WORK TO BE COMPLETED
Would you transcribe the whole listing exactly and drop its images?

COLLECTED MATERIAL
Segment Open
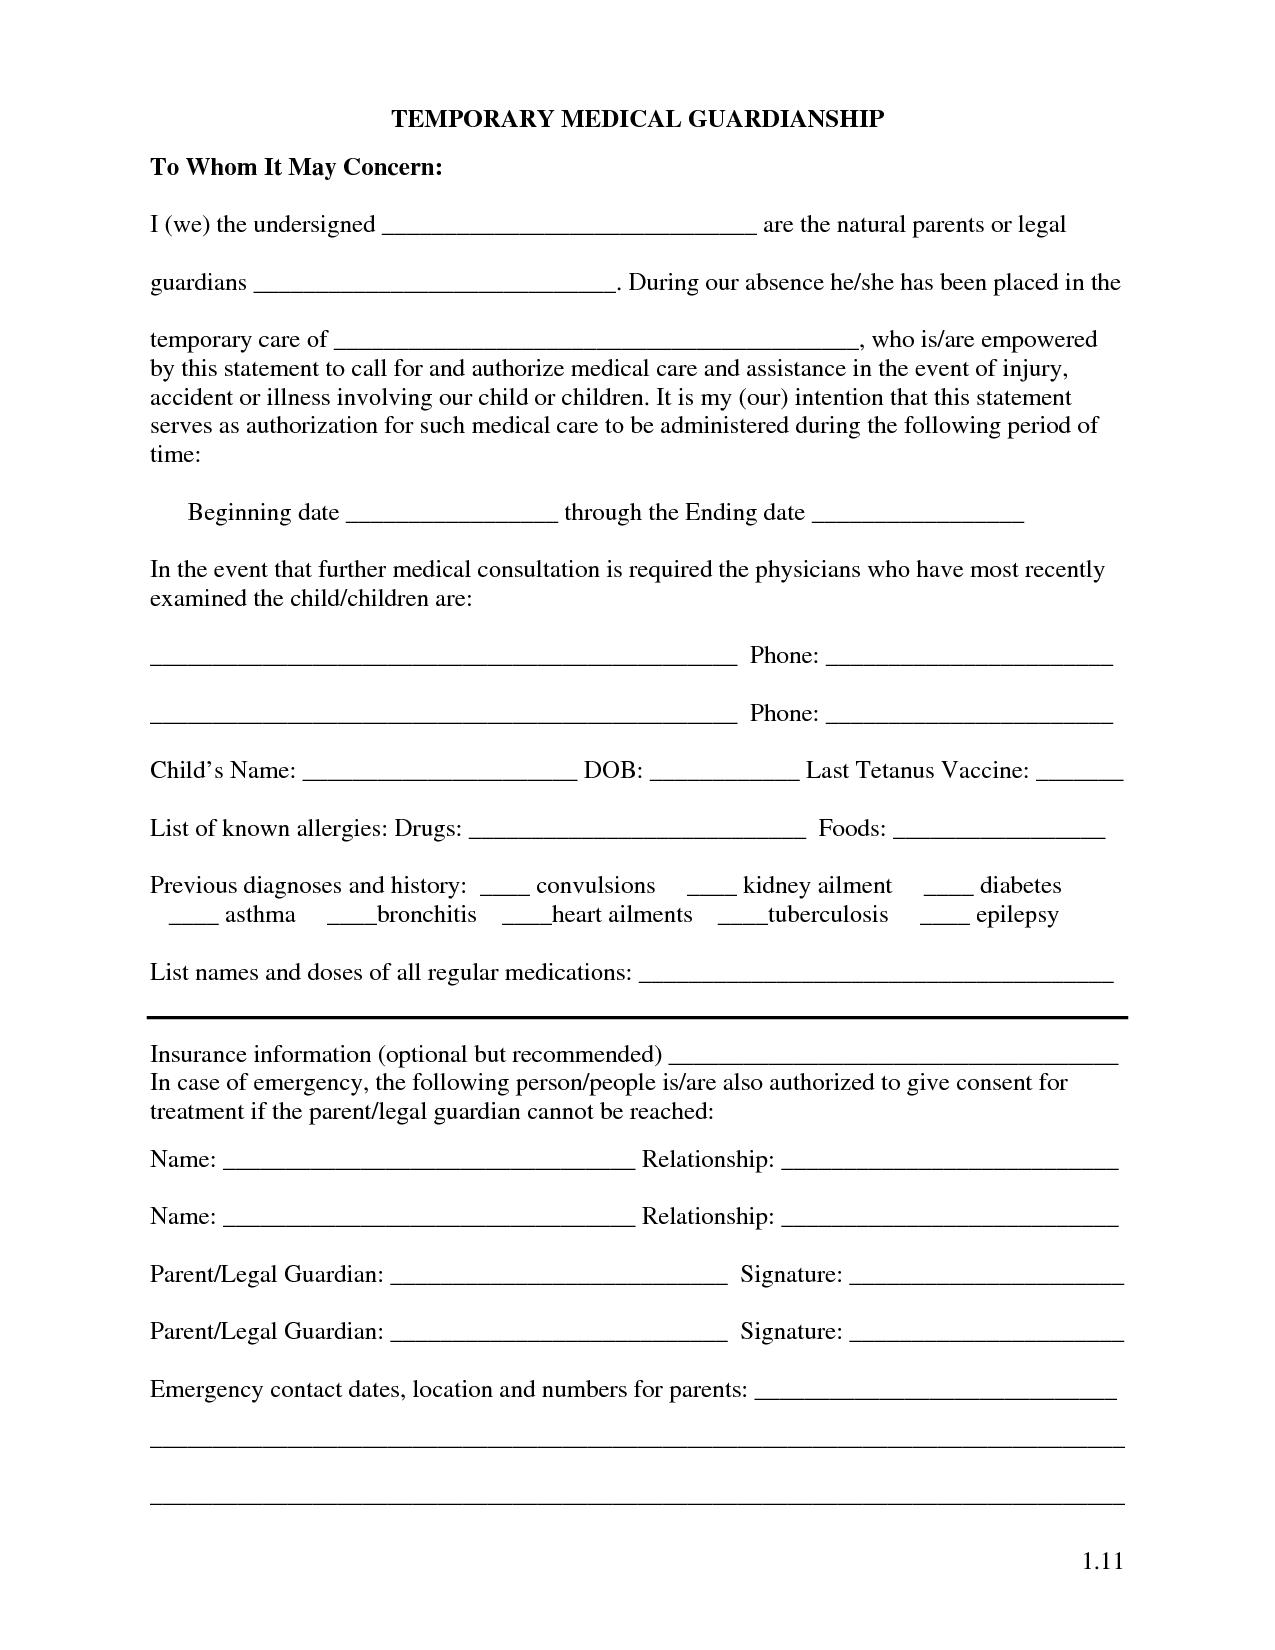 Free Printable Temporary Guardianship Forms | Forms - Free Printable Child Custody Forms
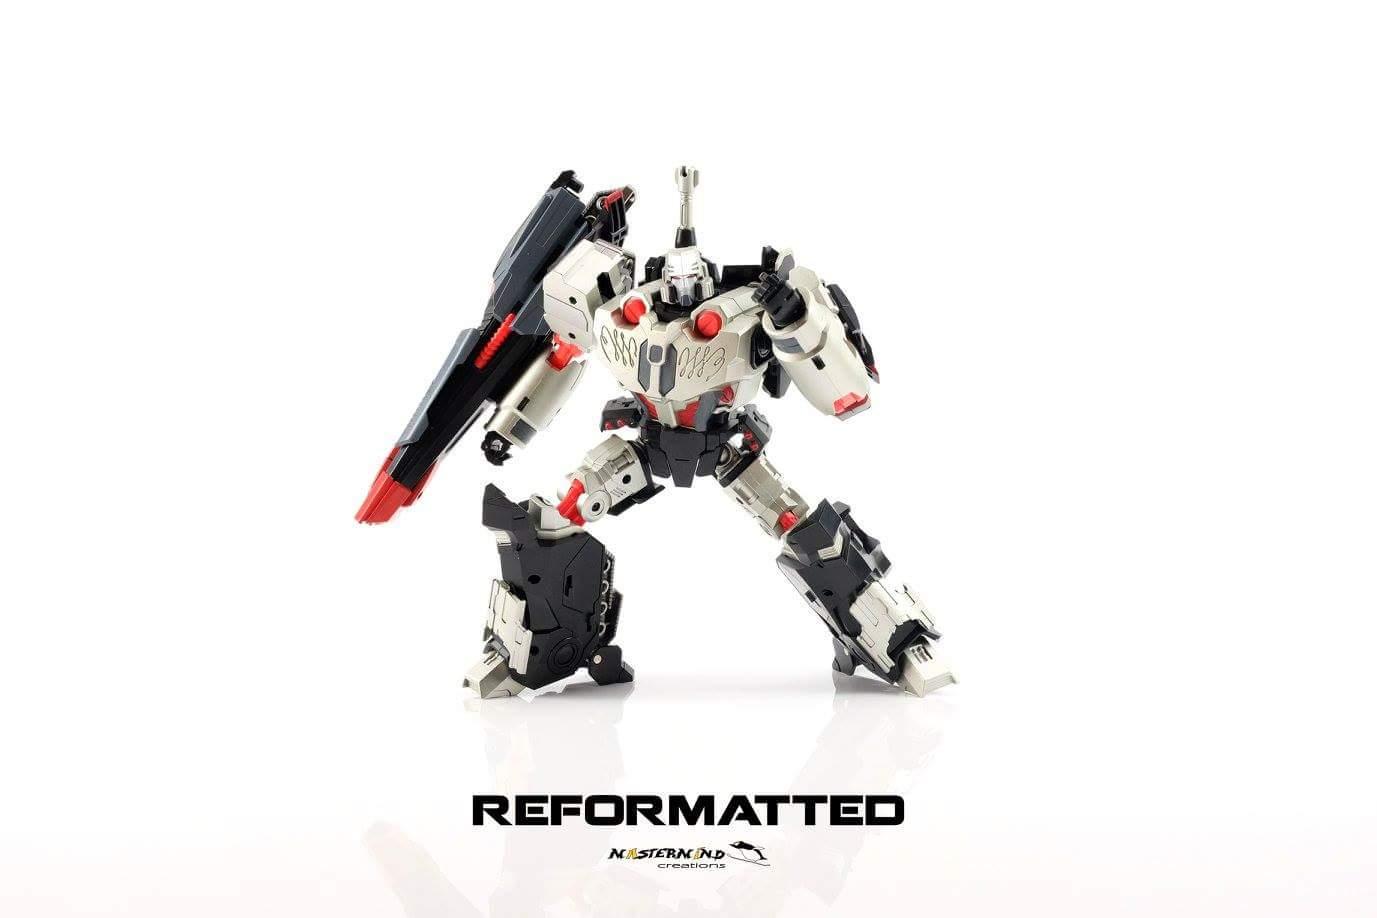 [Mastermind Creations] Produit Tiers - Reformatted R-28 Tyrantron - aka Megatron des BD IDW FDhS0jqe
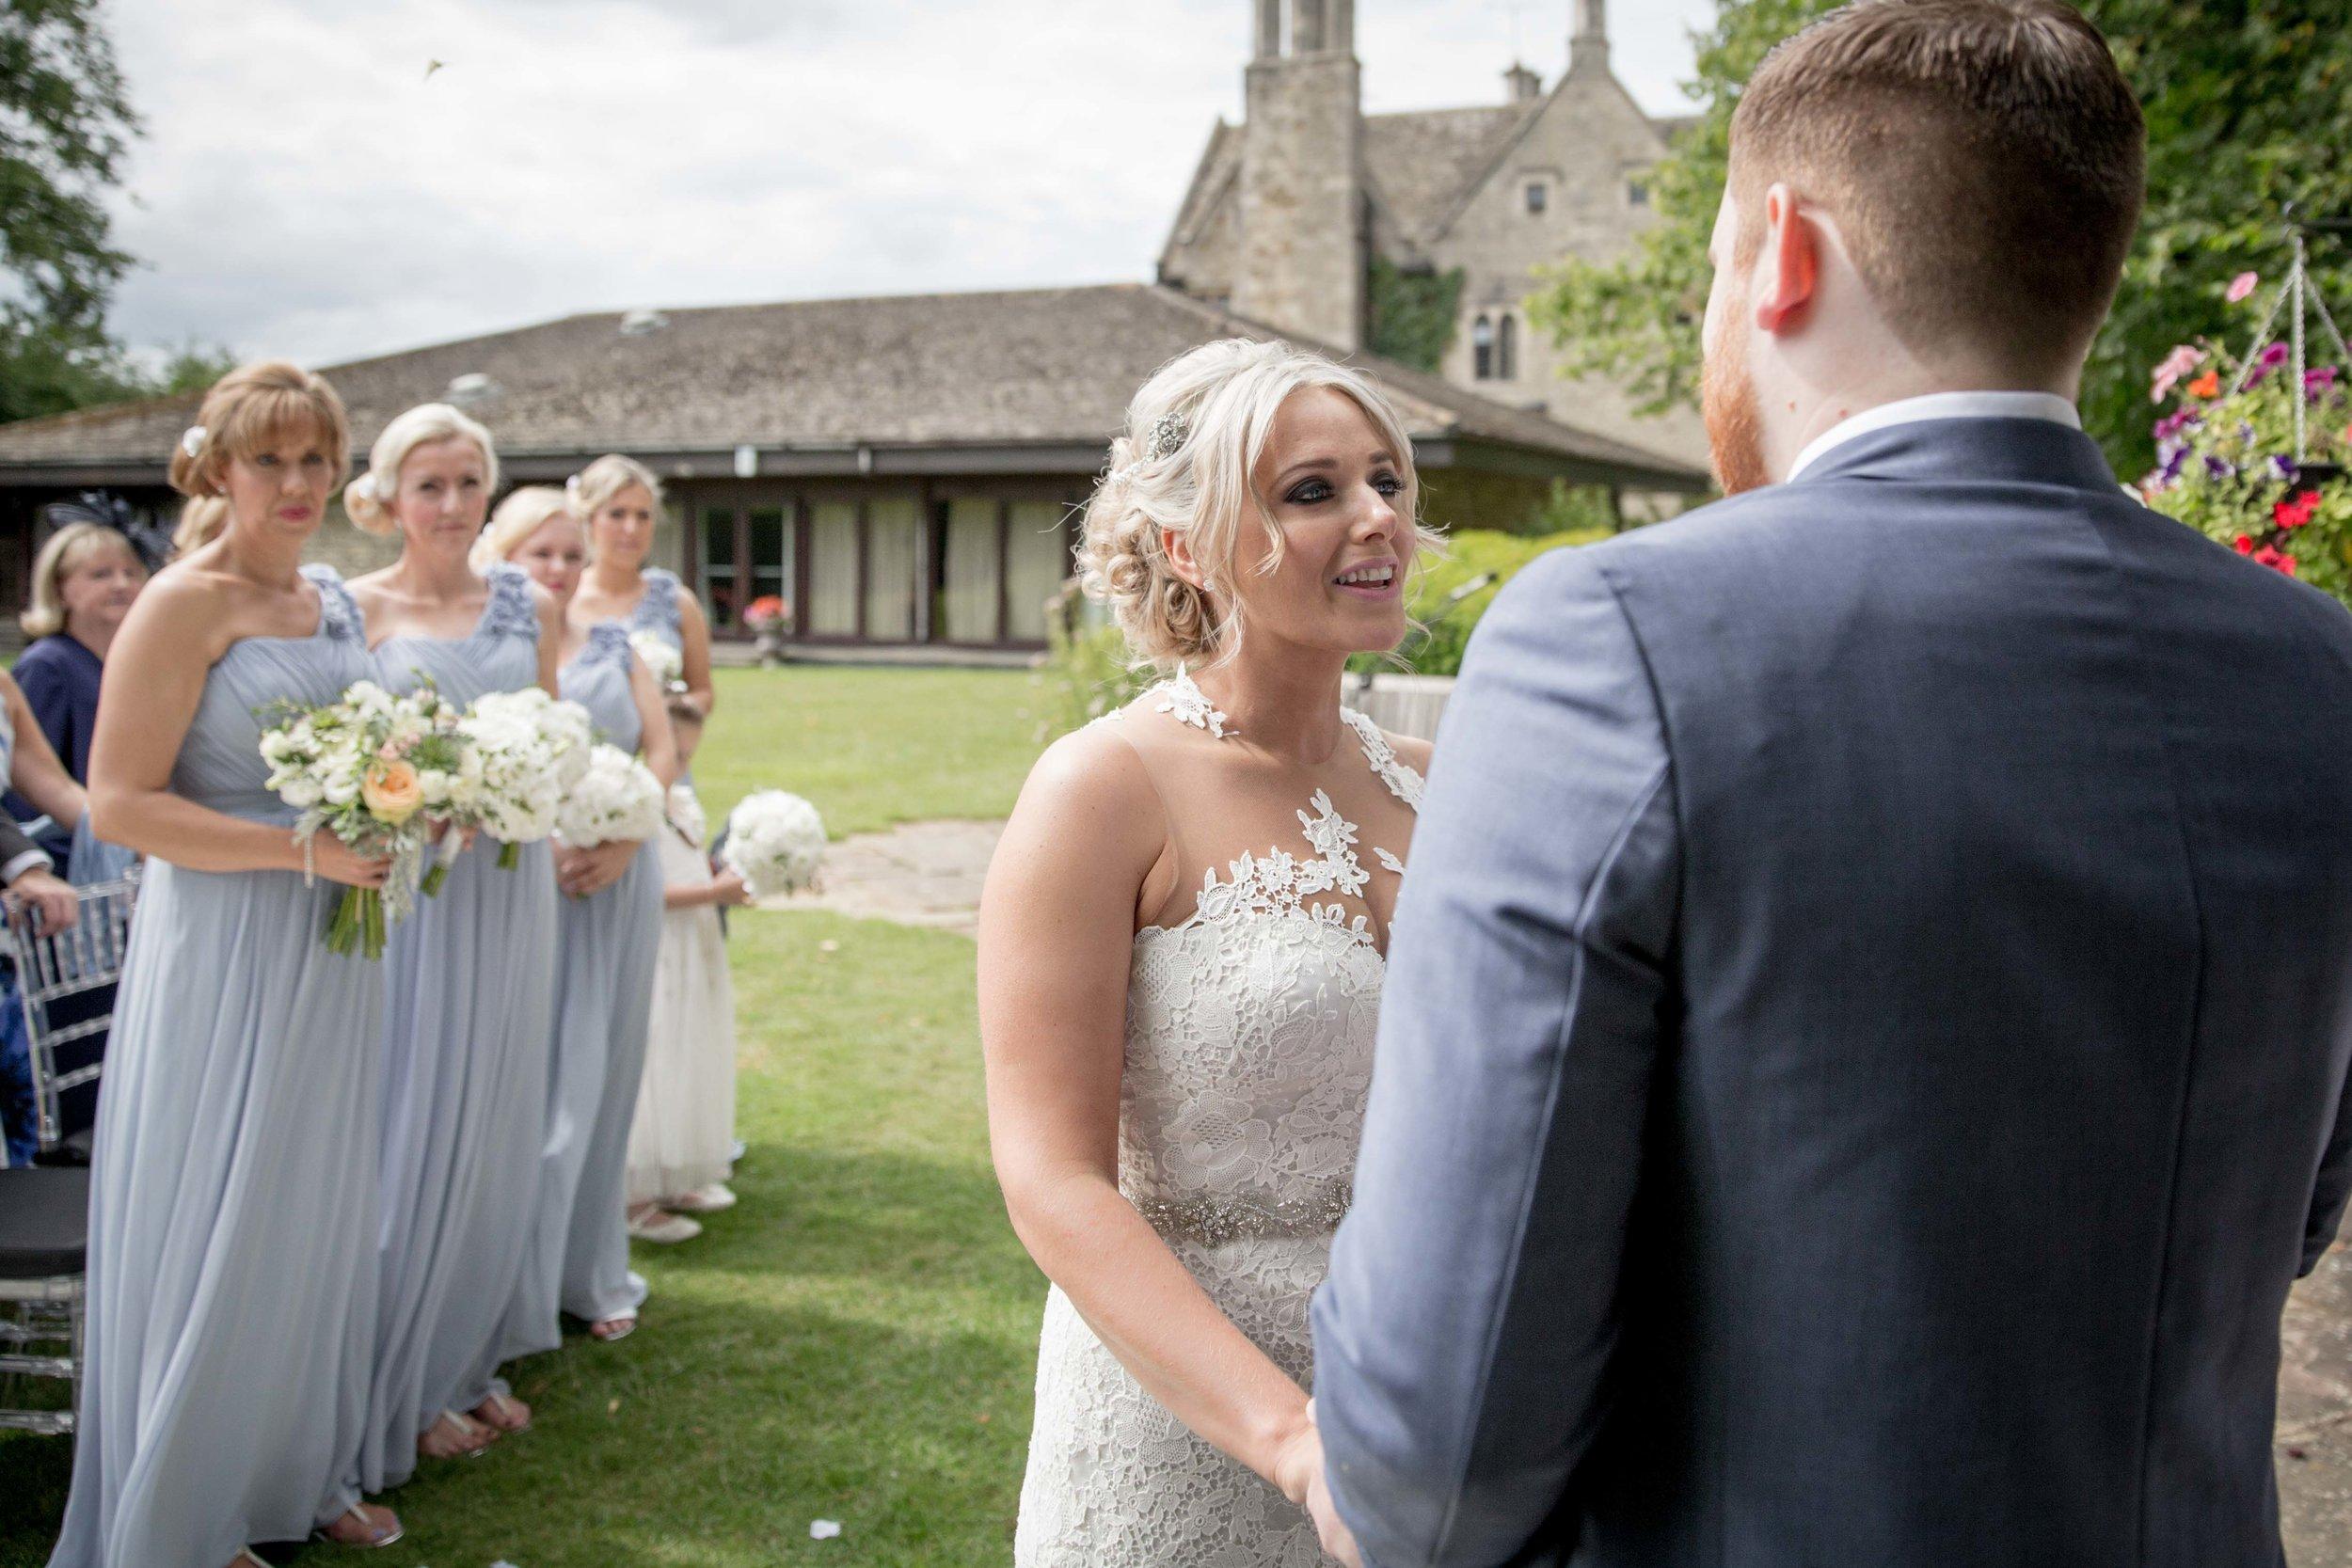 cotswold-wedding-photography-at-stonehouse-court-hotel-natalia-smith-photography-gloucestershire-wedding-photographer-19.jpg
Segment Closed
SOLVED EXERCISE
 Free Printable Temporary Guardianship Forms | Forms - Free Printable Child Custody Forms
 [Mastermind Creations] Produit Tiers - Reformatted R-28 Tyrantron - aka Megatron des BD IDW FDhS0jqe
 cotswold-wedding-photography-at-stonehouse-court-hotel-natalia-smith-photography-gloucestershire-wedding-photographer-19.jpg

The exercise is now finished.